[Tex/LaTex] Integral sign not covering entire fraction

Question

I have a case where I'm showing an integral of a fraction, but the integral sign doesn't stretch down to cover the entirety of the fraction:

This results from the following MWE:

\documentclass{article}
\usepackage{amsmath}

\begin{document}

\begin{equation*}
    \frac{3Q}{2\pi z^2} \displaystyle\int\frac{1}{\left( 1 + \dfrac{x^2 + y^2}{z^2} \right)^{\frac{5}{2}}}
\end{equation*}

\end{document}

The way I'm used to writing integrals looks more like this:

This question describes using packages like bigints and mtpro2 to scale the integral size. However, these appear to scale the integral sign relative to the location of the fraction's horizontal bar, which would not be the desired result here. Is there a way to get the integral to stretch to cover the entire fraction, as shown above? Also, I'd like to be able to set limits of the integration as well as the indefinite integral.

Note to the mathematicians out there – if I am violating some sort of typesetting convention with my request, please let me know. I'm not particularly well-versed with the convention used in mathematical circles for this sort of thing.

Answer 1

It is very uncharacteristic to typeset an integral sign uncentered at horizontal math axis. All variable-with math elements like braces, big operators etc are centered in traditional typography.

But if you wish such behaviour then, of course, it is possible. TeX is flexible. You can try the following macros, where \flexibleint macro is created.
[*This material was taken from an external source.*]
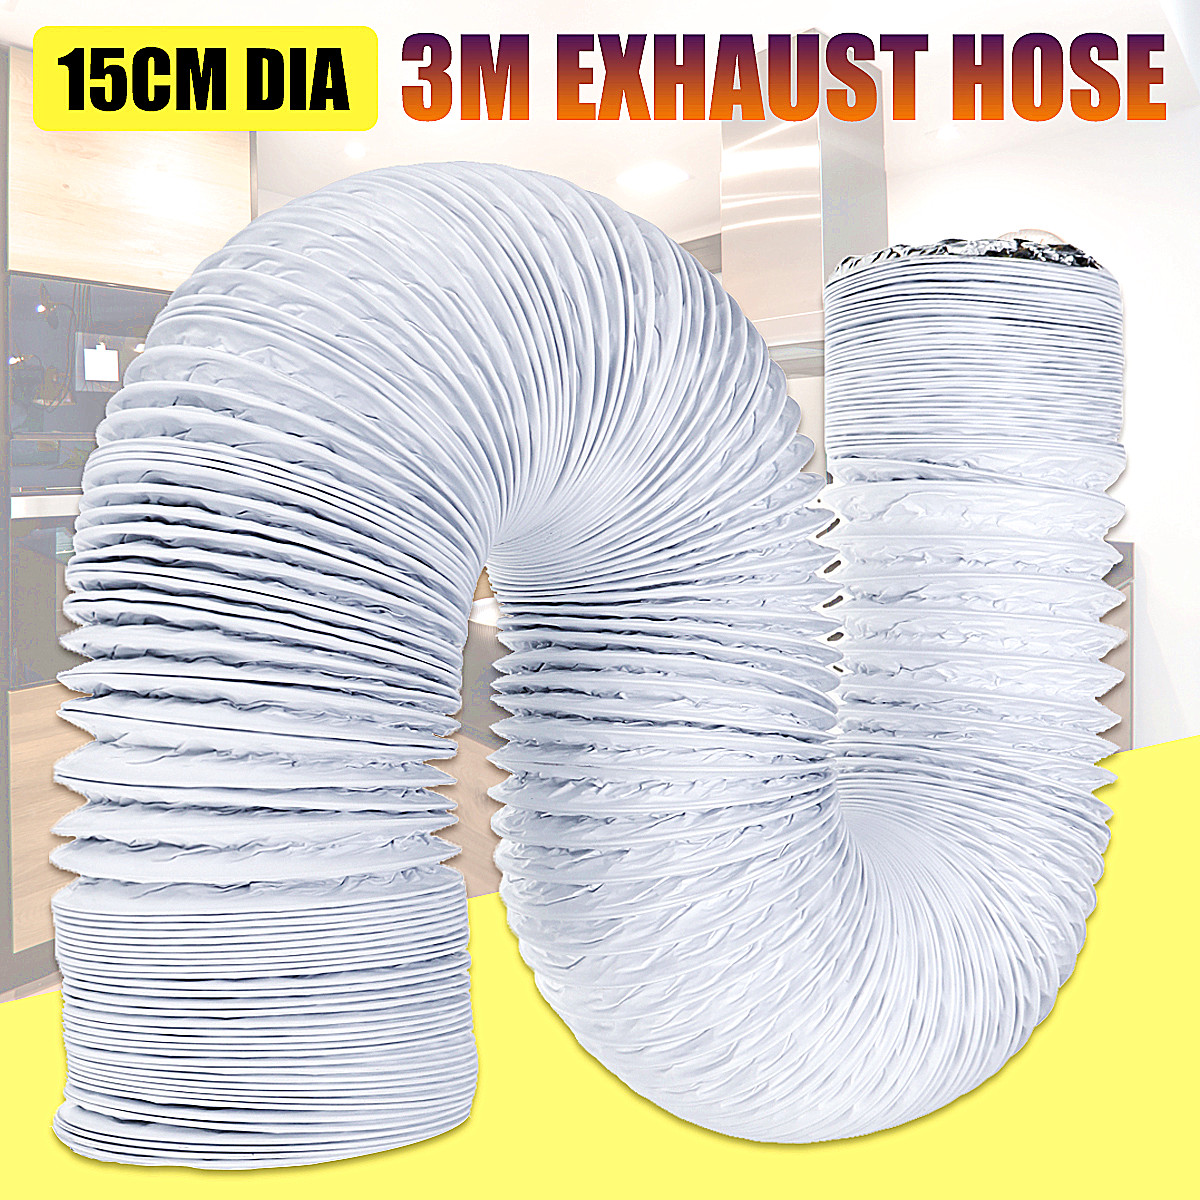 3M-15cm-Dia-Exhaust-Hose-PVC-Flexible-Ducting-Air-Conditioner-Exhaust-Hose-Replacement-Duct-Outlet-1336411-2

Usage is:

\flexibleint_a^b {integrand}   or    \flexibleint {integrand}

The integrand must be in braces.

\def\tmp#1 #2\relax{#1}
\setbox0=\hbox{$\xdef\intfont{%
    \expandafter\tmp\fontname\textfont3\expandafter\space\space\relax}$}
\font\tmp=\intfont\space at10pt\relax
\setbox0=\hbox{$\textfont3=\tmp \displaystyle \int$}
\dimen0=\ht0 \advance\dimen0 by\dp0 \divide\dimen0 by10 
\xdef\intsize{\the\dimen0}

\def\dividedimen (#1/#2){\expandafter\ignorept\the
   \dimexpr\numexpr\number\dimexpr#1\relax
   *65536/\number\dimexpr#2\relax\relax sp\relax
}
{\lccode`\?=`\p \lccode`\!=`\t  \lowercase{\gdef\ignorept#1?!{#1}}}

\def\flexibleint{\def\fxintL{}\def\fxintU{}\futurelet\next\fxintA}
\def\fxintA{\ifx\next_\expandafter\fxintB\else\expandafter\fxintC\fi}
\def\fxintB_#1{\def\fxintL{#1}\fxintC}
\def\fxintC{\futurelet\next\fxintD}
\def\fxintD{\ifx\next^\expandafter\fxintE\else\expandafter\fxintF\fi}
\def\fxintE^#1{\def\fxintU{#1}\fxintF}
\def\fxintF#1{\begingroup
   \setbox0=\hbox{$\displaystyle{#1}$}%
   \dimen0=\ht0 \advance\dimen0 by\dp0
   \setbox1=\hbox{$\vcenter{\copy0}$}%
   \font\tmp=\intfont\space at\dividedimen(\dimen0/\intsize)pt
   \lower\dimexpr\dp0-\dp1\hbox{%
      $\textfont3=\tmp \displaystyle\int_{\fxintL}^{\fxintU}$}
   \box0
   \endgroup
}

$$
  X = \sum_{i=0}^\infty 
      \flexibleint_a^b {u\over {\displaystyle v + {\strut x\over y}}}
$$

\bye

How it works: First, the fontname of \textfont3 (where \int sign is expected) is extracted at 10pt size (into \intfont) and the \int in \displaystyle at 10pt is measured (in \intsize).

Secondly, the scanning of _a or ^b is performed using auxiliary macros \fxintA to \fxintE.

Finally, the integrand in box is measured, its vertically different positions is compared using \box0 and \box1 (the second box is \vcentered), the font for \textfont3 scaled to desired size is temporary loaded and the flexible integral is typeset.